About 2,010 separate blazes have burned statewide since a massive lightning storm struck on June 21, ravaging nearly 1,400 square miles, according to the U.S. Forest Service. The updated number of fires reflects more accurate information obtained as crews make progress on the ground.

'Turned a corner' for now
"Progress is really being made — we've really turned a corner," said Daniel Berlant, a spokesman for the California Department of Forestry and Fire Protection. "But we have to remember this is just July, and our biggest fires are historically in September and October. We really have to, as a state, not become complacent yet."

South of the Los Padres, where fires were followed by heavy rain and flooding, Gov. Arnold Schwarzenegger declared a state of emergency in Inyo County, the twelfth California county to receive that designation because of the current wildfire outbreak.

To help fund the firefighting effort, the Federal Emergency Management Agency and the Governor's Office of Emergency Services approved on Tuesday the release of $41.5 million public assistance money to the California fire agency.

The funds will cover the cost of state firefighting overtime, equipment and materials as well expenses borne by local fire agencies.

Kelly Huston, spokesman for the Governor's Office of Emergency Services, said Monday that the wildfires since June 21 are "the largest single fire event in history for California."

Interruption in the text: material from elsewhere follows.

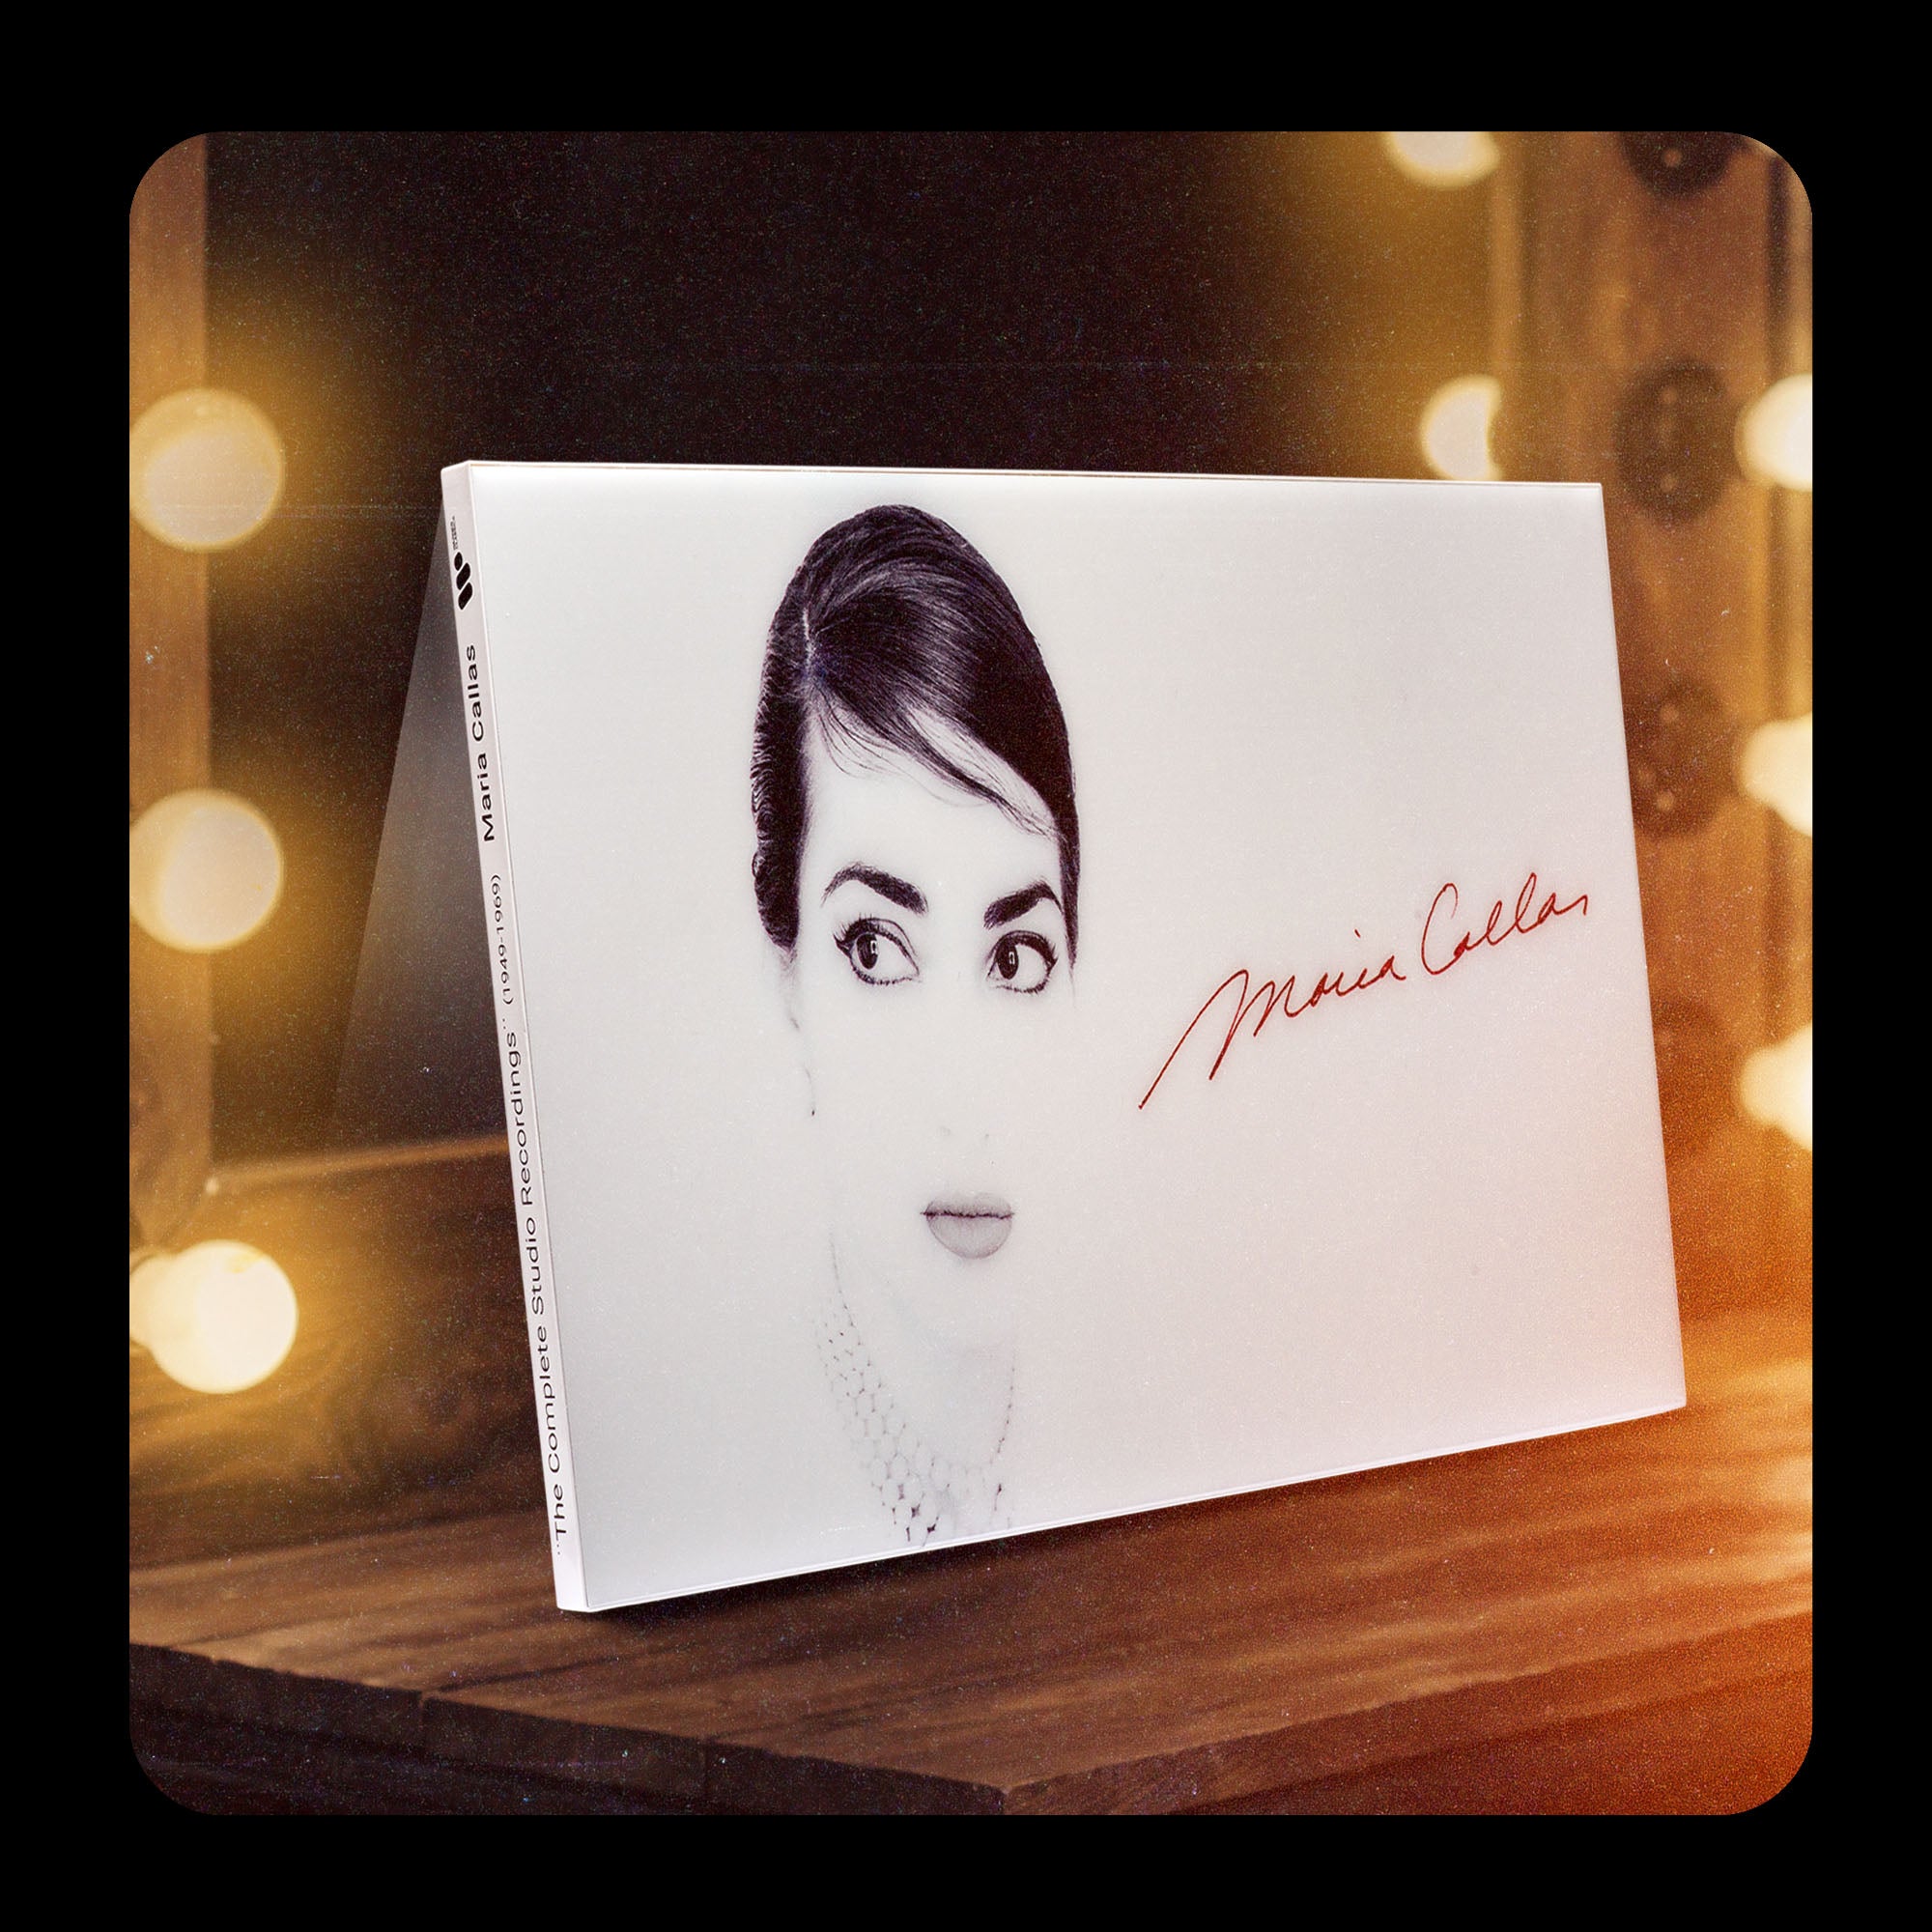 The studio complete recordings - Maria Callas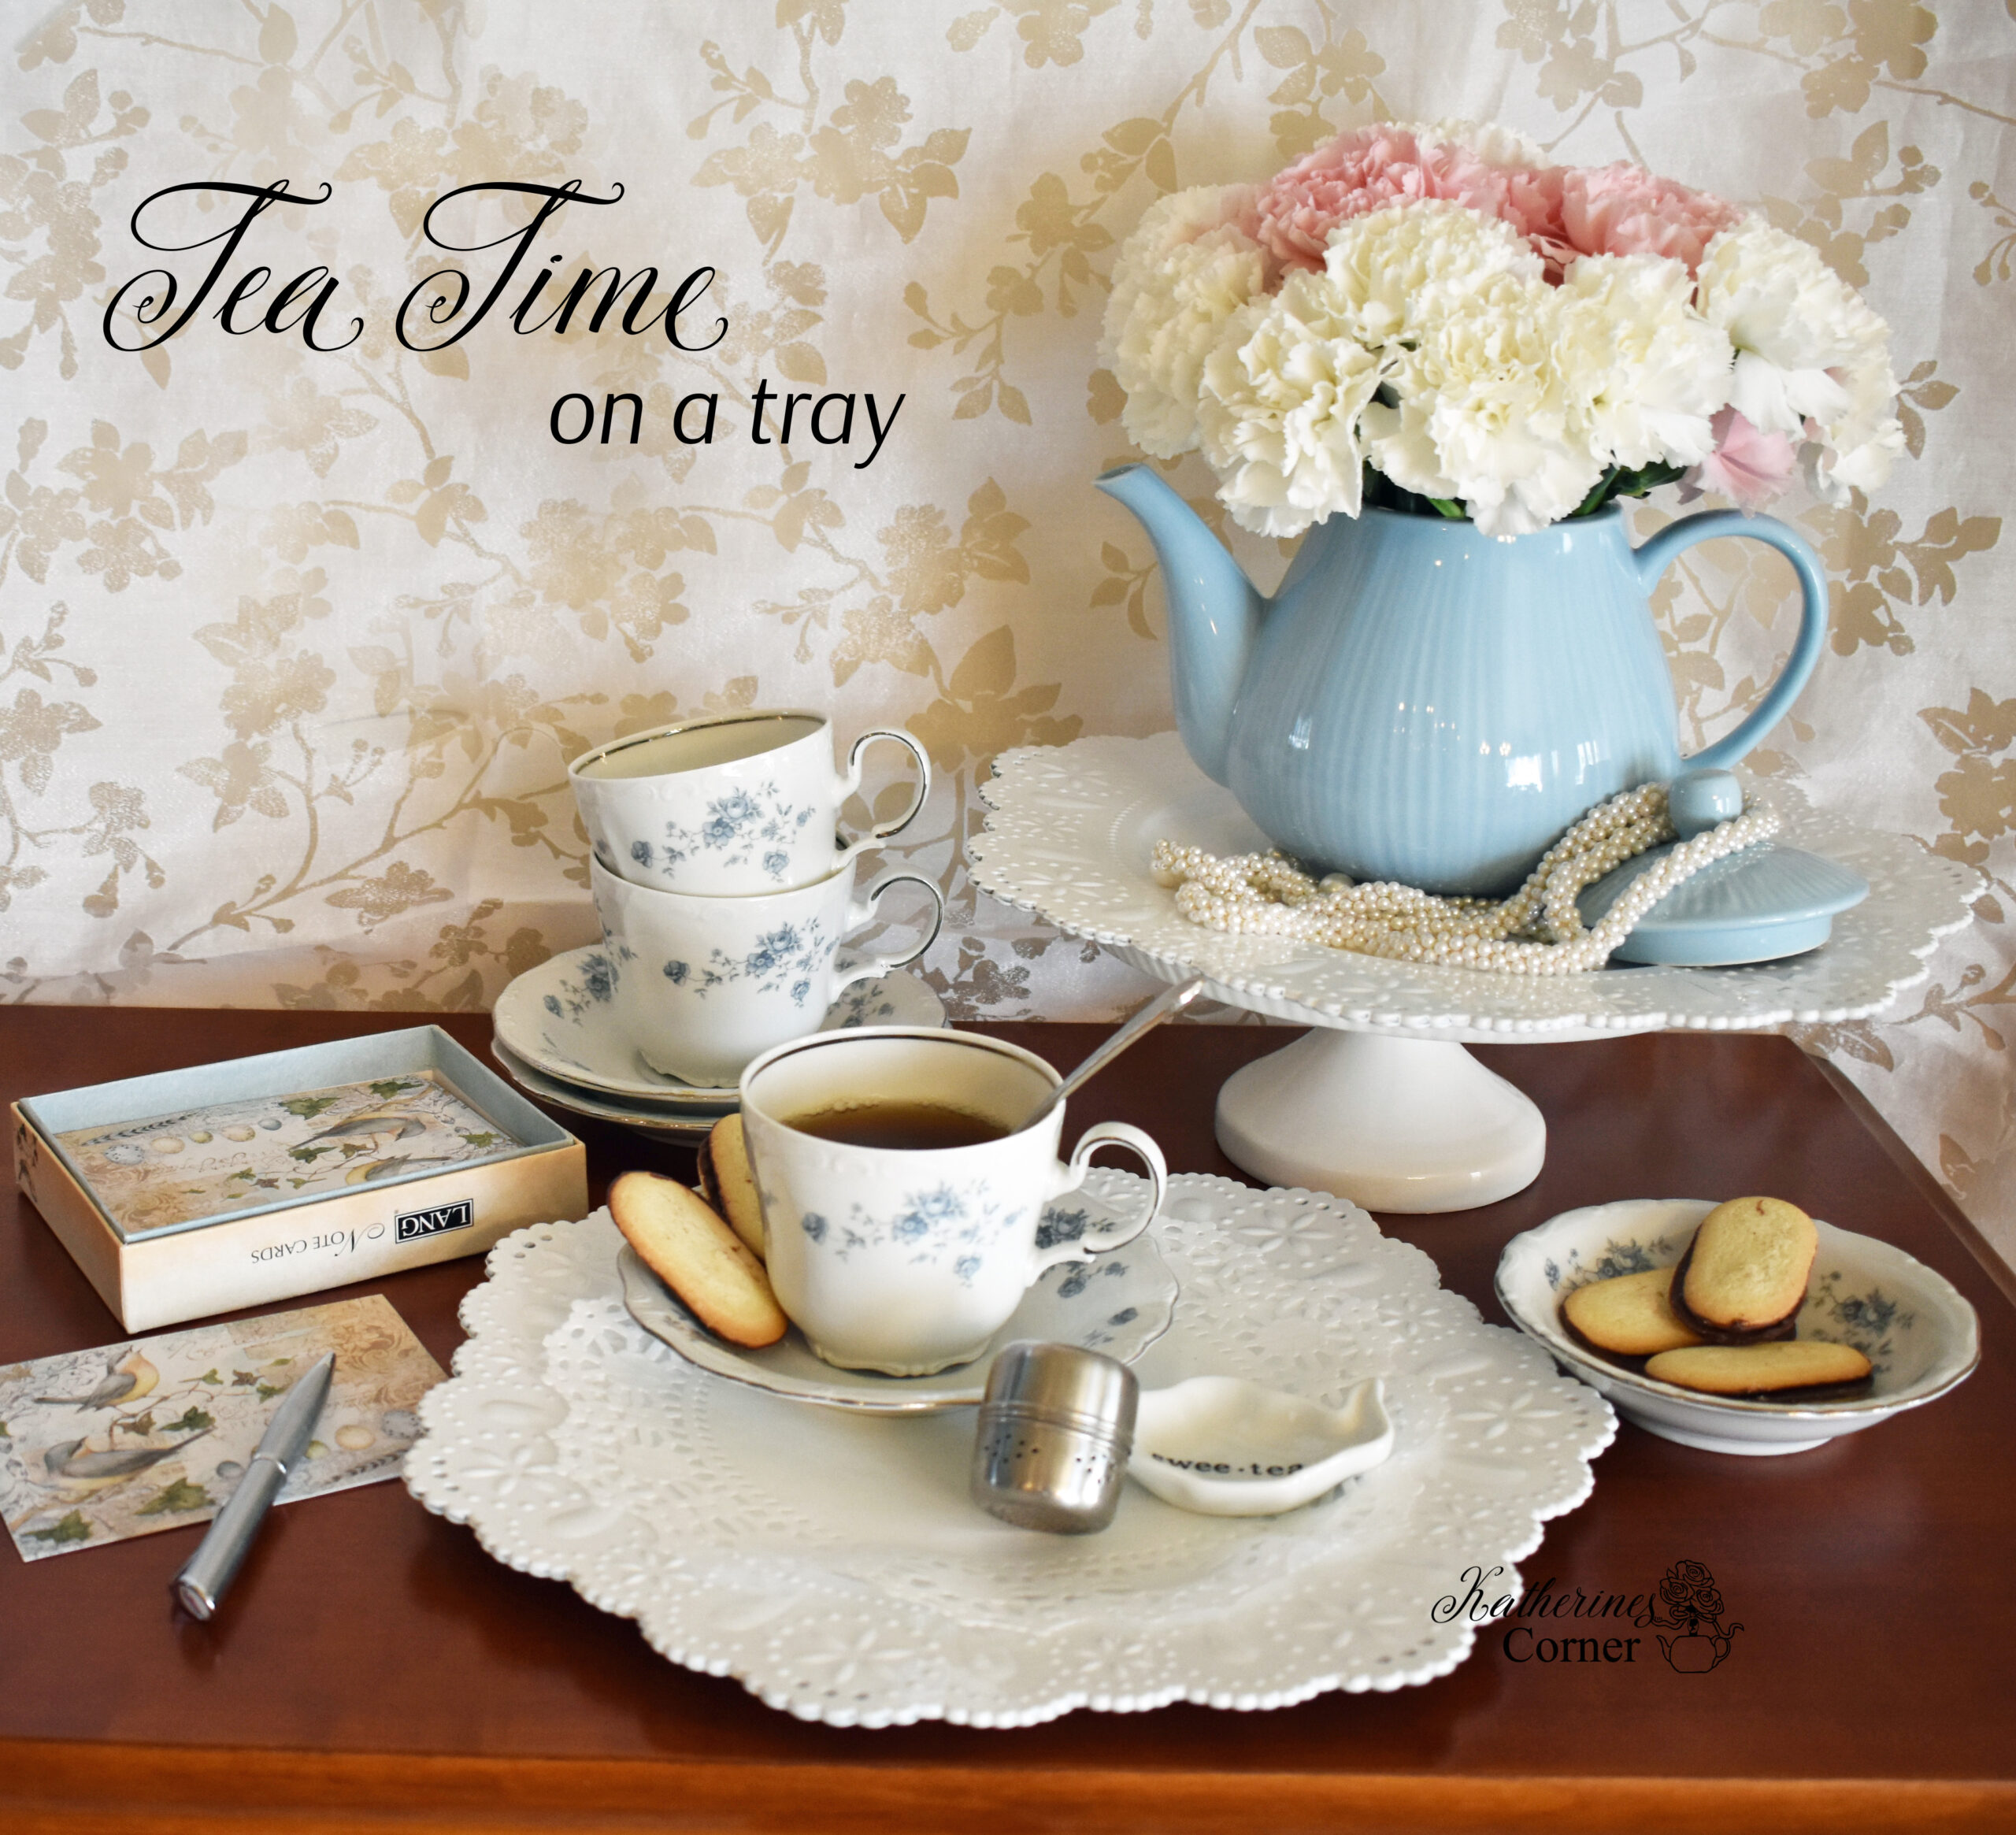 Tea Time on a Tray Blog Tour

The complex of fires in Butte County, north of the state capital, Sacramento, is 75 percent contained after consuming 84 square miles and destroying dozens of homes.

At least one person was found dead after the blaze swept through the rural community of Concow. After completing an autopsy, the county coroner said Tuesday that he likely won't be able to determine a cause of death because the body was so badly burned.

Progress against Wash. fires
Steady breezes and warm temperatures helped push a wildfire in south-central Washington state into more timber Tuesday, as firefighters elsewhere in that state gained ground on blazes that have been burning for days.

Improved mapping showed the fire near Mount Adams has burned about 11 square miles, or 7,160 acres, in the Gifford Pinchot National Forest and on the Yakama Indian Reservation. The fire about 7 miles northeast of Trout Lake was 5 percent contained Tuesday evening, fire information officer Kim Smolt said.